Merged at revision: 340
Proposed branch: lp:~agrimm/bzr-fastimport/baseline-commit
Merge into: lp:bzr-fastimport
Diff against target: 205 lines (+109/-3)
3 files modified
cmds.py (+16/-2)
exporter.py (+19/-1)
tests/test_commands.py (+74/-0)
To merge this branch: bzr merge lp:~agrimm/bzr-fastimport/baseline-commit
Reviewer Review Type Date Requested Status
Jelmer Vernooij (community) 2011-11-22 Approve on 2011-11-23
Review via email: mp+83025@code.launchpad.net

Description of the Change

Adds a --baseline option to fast-export to produce an export with a truncated history (a "baseline" plus all commits in the range given by the revisionspec).

To post a comment you must log in.
Jelmer Vernooij (jelmer) wrote :

Hi Andy,

Thanks again for working on this.

Generally, we try to put commands that modify fastexport streams into "bzr fast-import-filter", rather than "bzr fast-export". In this case, I guess it also skips

+ help="Export an 'abolute' baseline commit prior to"
This should probably say "absolute".

+ assert(len(revobj.parent_ids))
+ previd = revobj.parent_ids[0]
It seems a bit odd that the code uses the parent of the revision that was specified, rather than that revision itself.

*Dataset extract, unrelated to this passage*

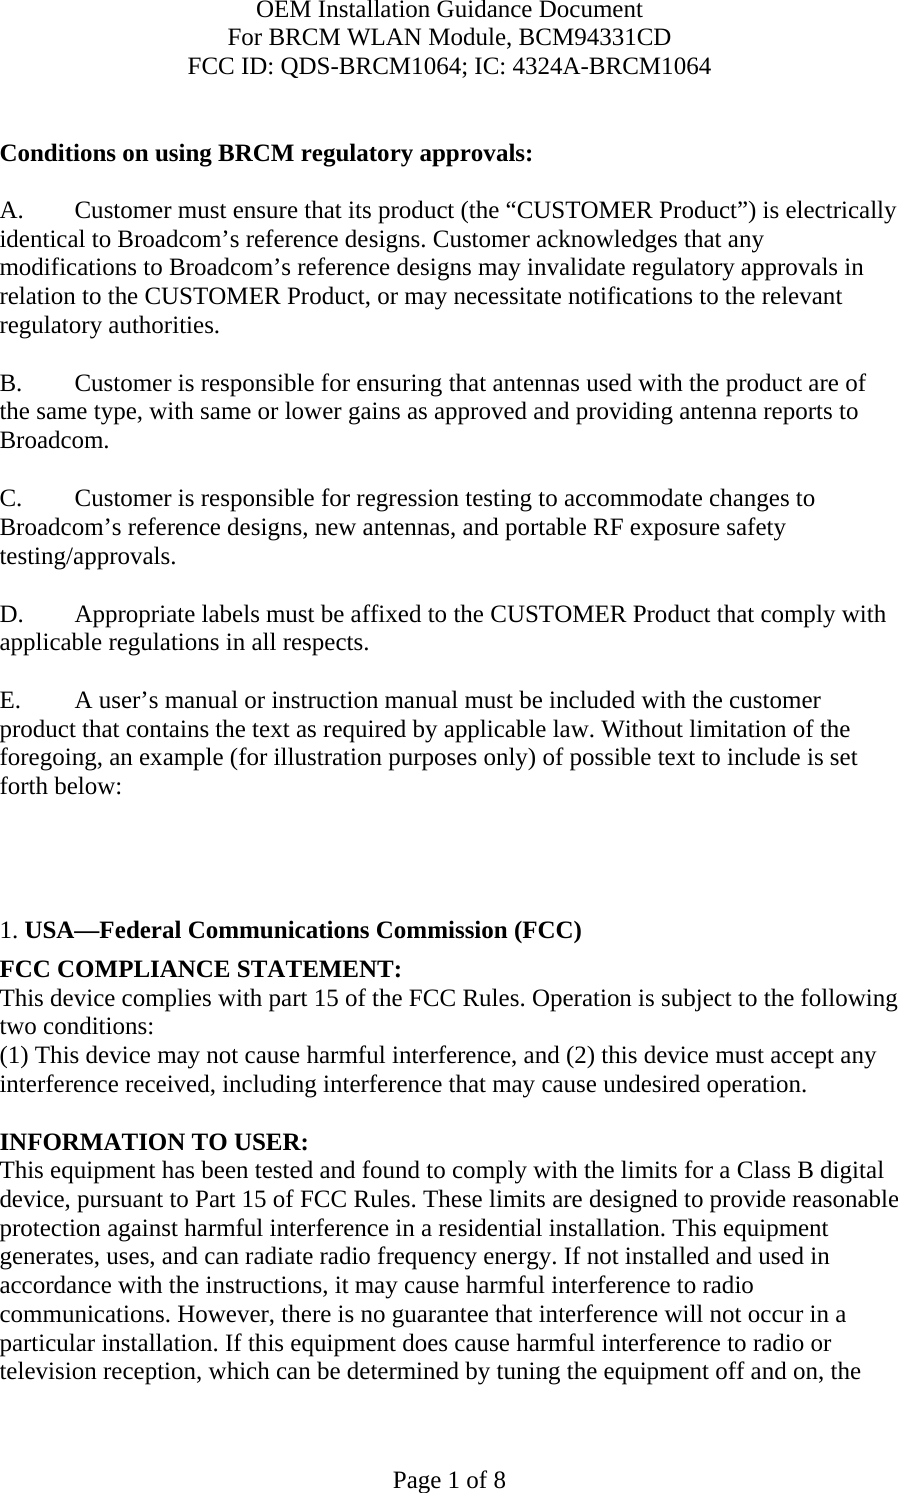 OEM Installation Guidance Document For BRCM WLAN Module, BCM94331CD FCC ID: QDS-BRCM1064; IC: 4324A-BRCM1064  Page 1 of 8  Conditions on using BRCM regulatory approvals:   A.  Customer must ensure that its product (the “CUSTOMER Product”) is electrically identical to Broadcom’s reference designs. Customer acknowledges that any modifications to Broadcom’s reference designs may invalidate regulatory approvals in relation to the CUSTOMER Product, or may necessitate notifications to the relevant regulatory authorities.  B.   Customer is responsible for ensuring that antennas used with the product are of the same type, with same or lower gains as approved and providing antenna reports to Broadcom.  C.   Customer is responsible for regression testing to accommodate changes to Broadcom’s reference designs, new antennas, and portable RF exposure safety testing/approvals.  D.  Appropriate labels must be affixed to the CUSTOMER Product that comply with applicable regulations in all respects.    E.  A user’s manual or instruction manual must be included with the customer product that contains the text as required by applicable law. Without limitation of the foregoing, an example (for illustration purposes only) of possible text to include is set forth below:       1. USA—Federal Communications Commission (FCC) FCC COMPLIANCE STATEMENT: This device complies with part 15 of the FCC Rules. Operation is subject to the following two conditions: (1) This device may not cause harmful interference, and (2) this device must accept any interference received, including interference that may cause undesired operation.  INFORMATION TO USER: This equipment has been tested and found to comply with the limits for a Class B digital device, pursuant to Part 15 of FCC Rules. These limits are designed to provide reasonable protection against harmful interference in a residential installation. This equipment generates, uses, and can radiate radio frequency energy. If not installed and used in accordance with the instructions, it may cause harmful interference to radio communications. However, there is no guarantee that interference will not occur in a particular installation. If this equipment does cause harmful interference to radio or television reception, which can be determined by tuning the equipment off and on, the

Can you add some tests for this new behaviour?

Cheers,

Jelmer

Andy Grimm (agrimm) wrote :

> Hi Andy,
>
> Thanks again for working on this.
>
> Generally, we try to put commands that modify fastexport streams into "bzr
> fast-import-filter", rather than "bzr fast-export". In this case, I guess it
> also skips

If you think that having it in fast-import-filter is useful, I can do that. Will that change the logic about how the baseline is produced? Also, was your last sentence cut off here? I didn't understand it as written (skips what?)

> + help="Export an 'abolute' baseline commit prior to"
> This should probably say "absolute".

Indeed.

> + assert(len(revobj.parent_ids))
> + previd = revobj.parent_ids[0]
> It seems a bit odd that the code uses the parent of the revision that was
> specified, rather than that revision itself.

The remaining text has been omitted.